J'ai pu prendre à nouveau les transports en commun sans crainte, et vivre en dépensant moins d'énergie dans le combat contre mes angoisses. J'ai enfin pu souffler et me dire : « ah, je vais enfin m'occuper d'autre chose. » J'ai vécu sur deux continents et pris des avions dans tous les sens. Je n'aurai jamais imaginé cela à l'âge de 17 ans. Ça m'était impossible.

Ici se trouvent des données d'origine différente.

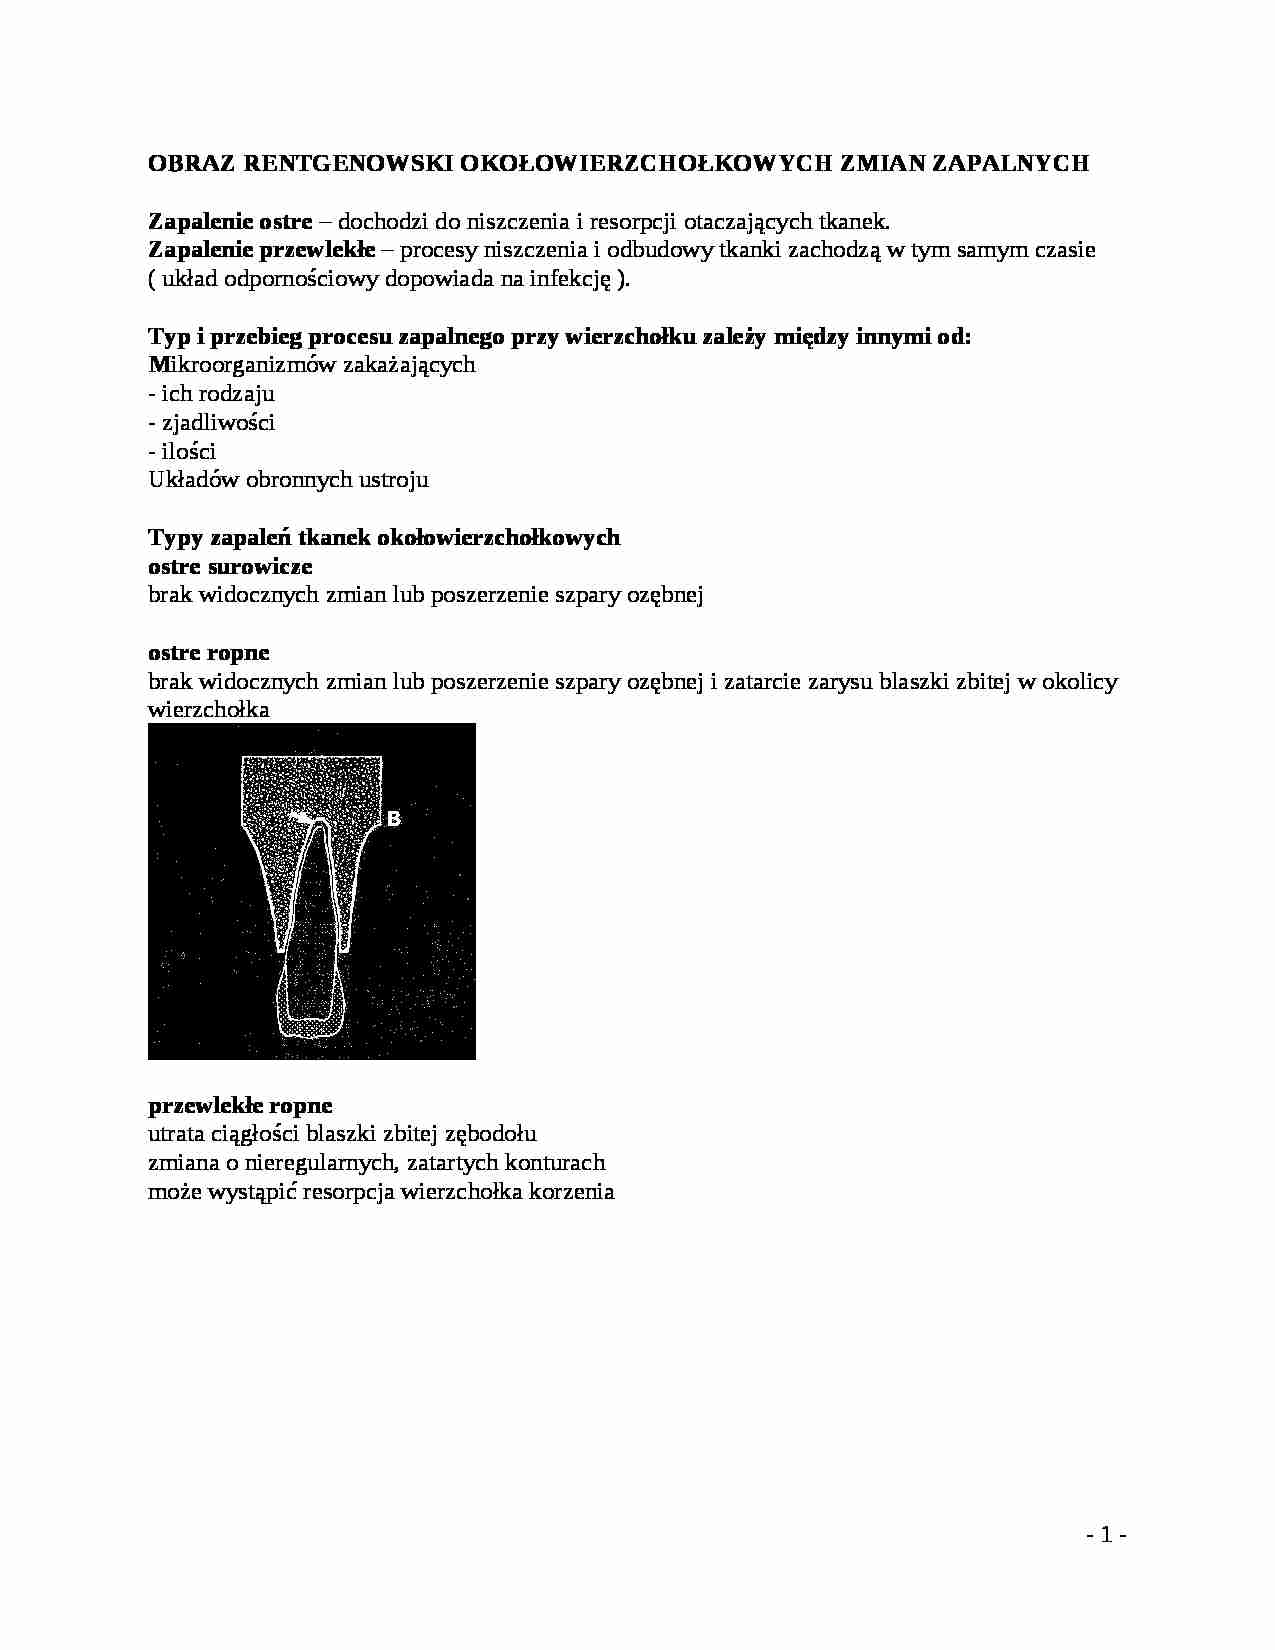 Wykład - Obraz rentgenowski okołowierzchołkowych zmian zapalnych - strona 1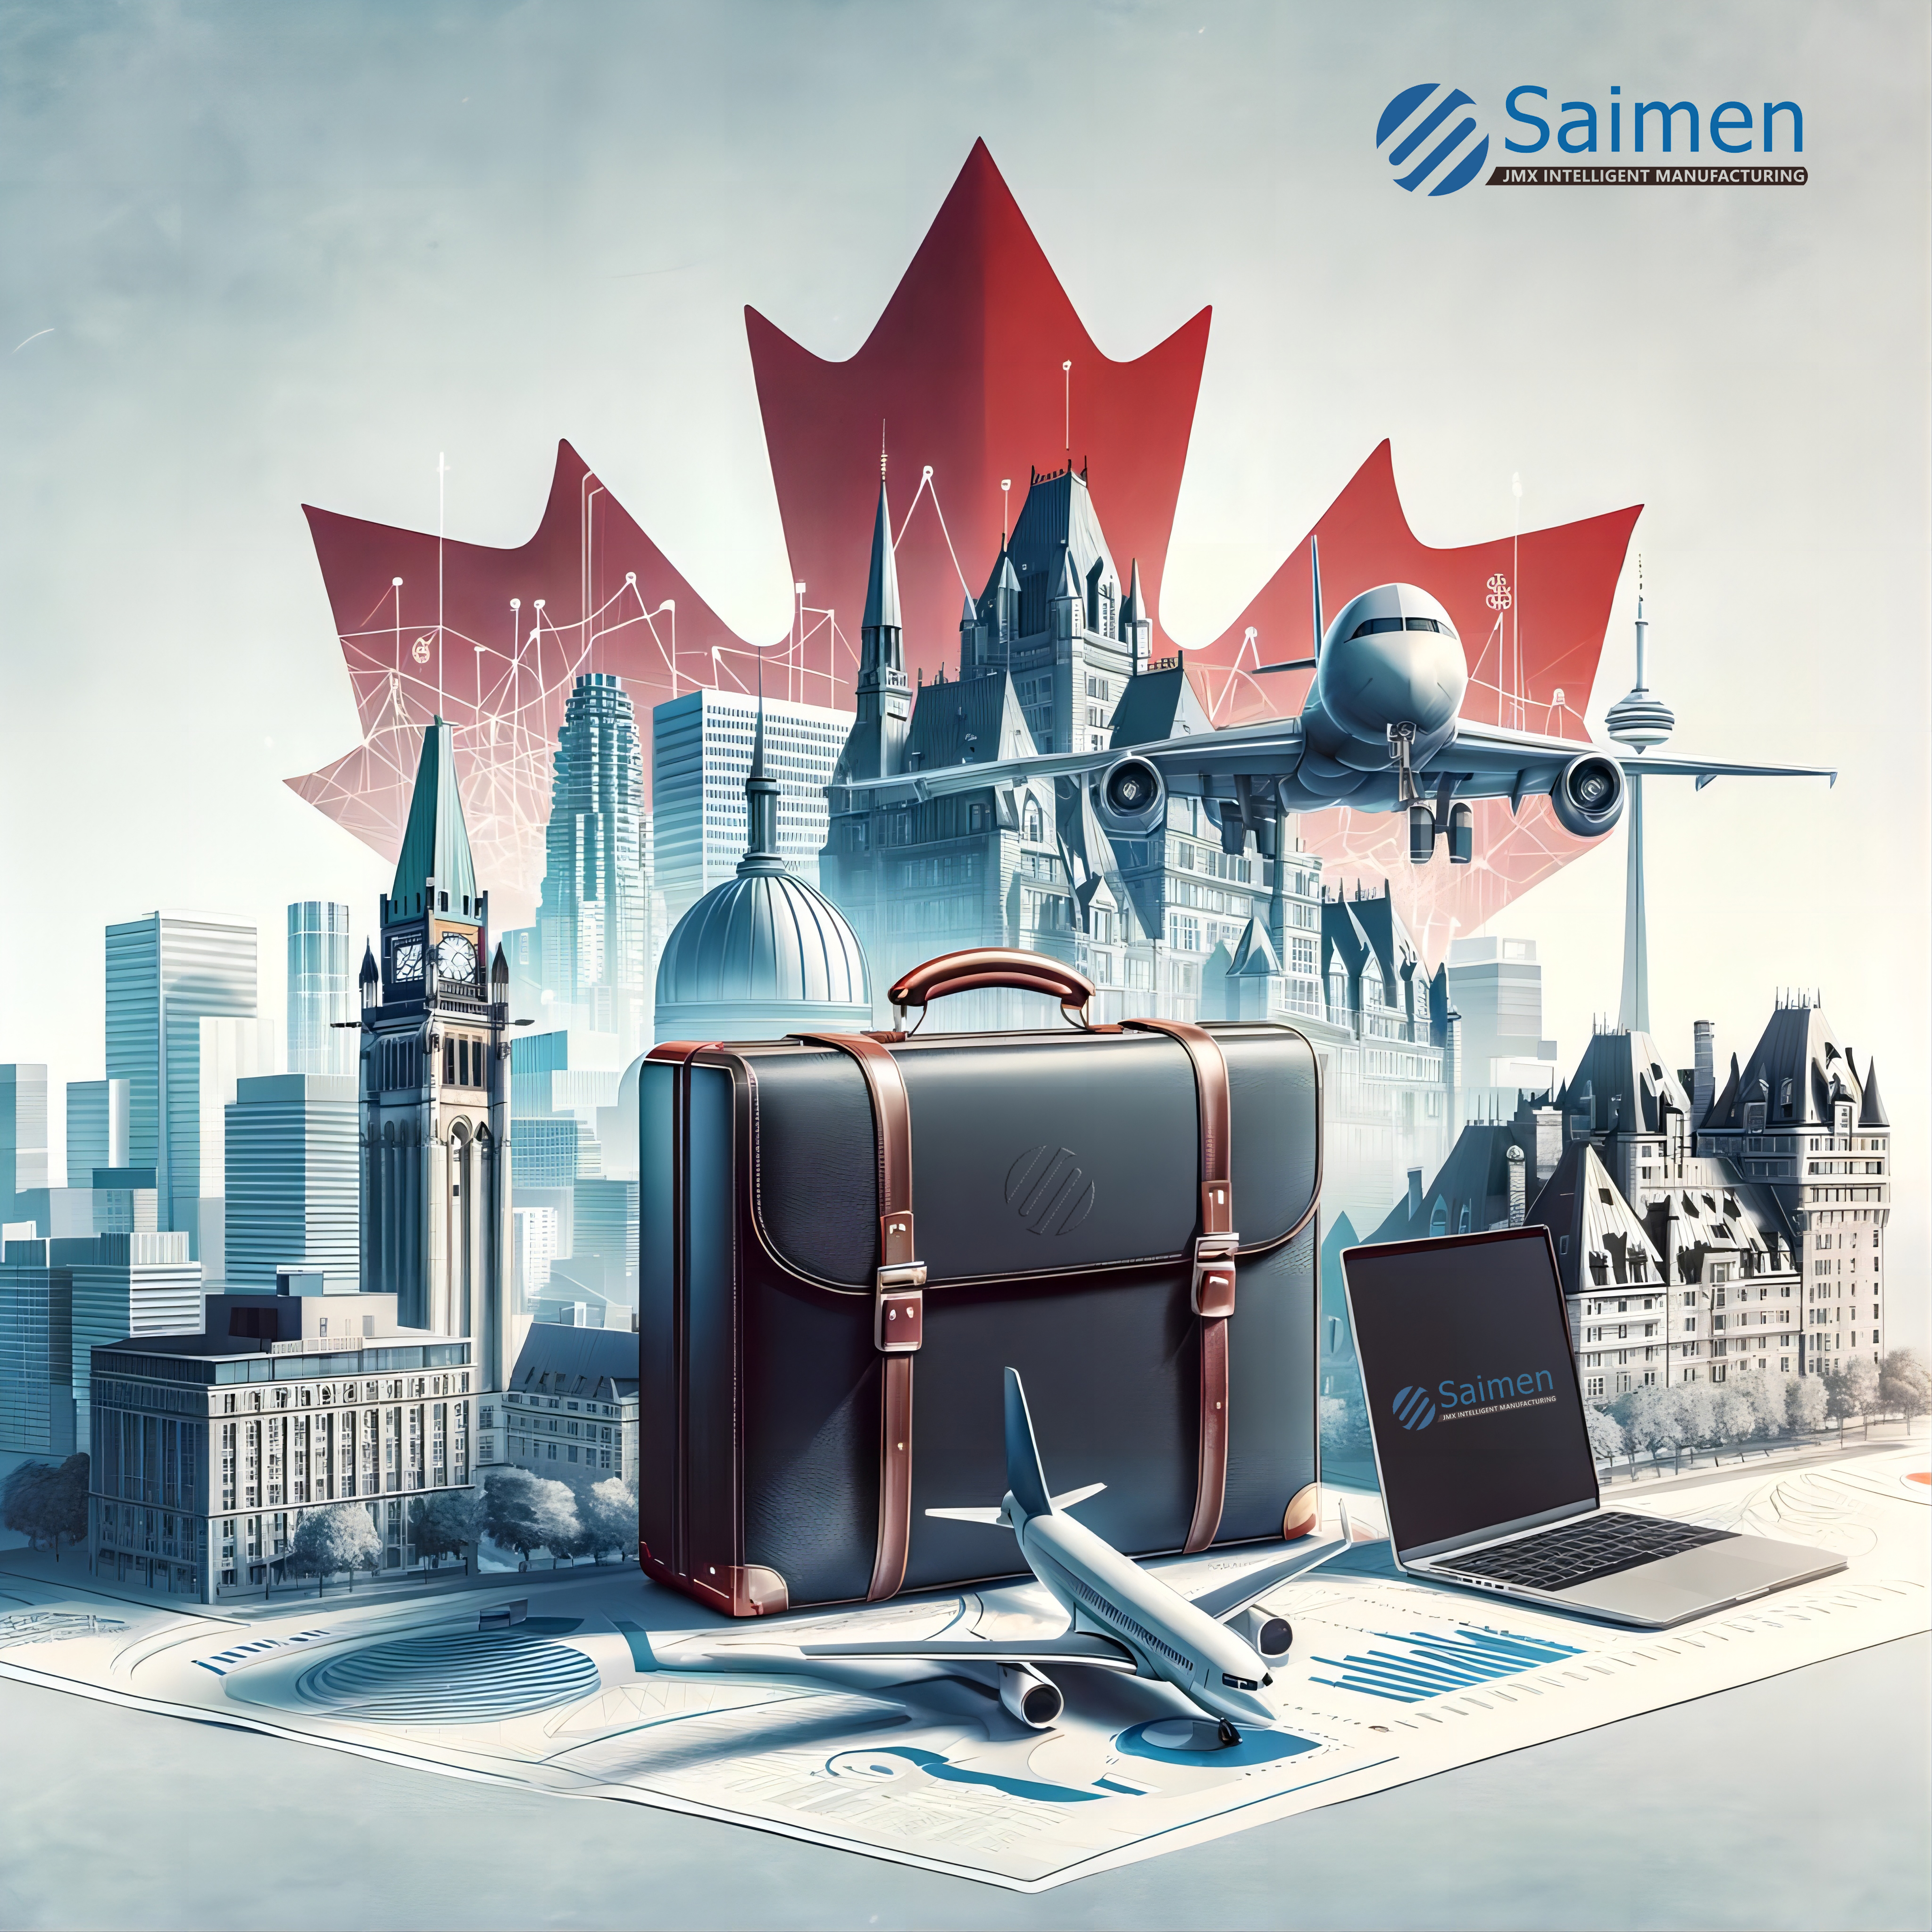 Illustration numérique de l'expansion commerciale mondiale de Saimen, avec des points de repère canadiens emblématiques, un avion et une mallette, symbolisant les voyages et le commerce internationaux.

Je suis retourné chez mon psychiatre quelques années plus tard pour refaire trois ou quatre séances. J'avais pris un peu de plomb dans l'aile à l'occasion d'un boulot qui se passait mal. Je sentais que je me remettais à stresser, plus et plus vite que par le passé. Je retrouvais ici et là quelques symptômes – la respiration qui s'accélère, le cœur qui bat la chamade –, heureusement sans atteindre les sommets de paralysie que j'avais éprouvés par le passé. Un petit rappel et tout allait mieux.

Aujourd'hui, je sais que je demeure peut-être plus fragile que d'autres à certains moments de ma vie. C'est pourquoi je suis attentif au moindre symptôme, et que je fais attention à mon hygiène de vie. Je me suis mis à la méditation – sujet très à la mode si l'en est – afin d'entretenir ces acquis. Ça va. Ouais, globalement je dois reconnaître que tout se passe plutôt bien.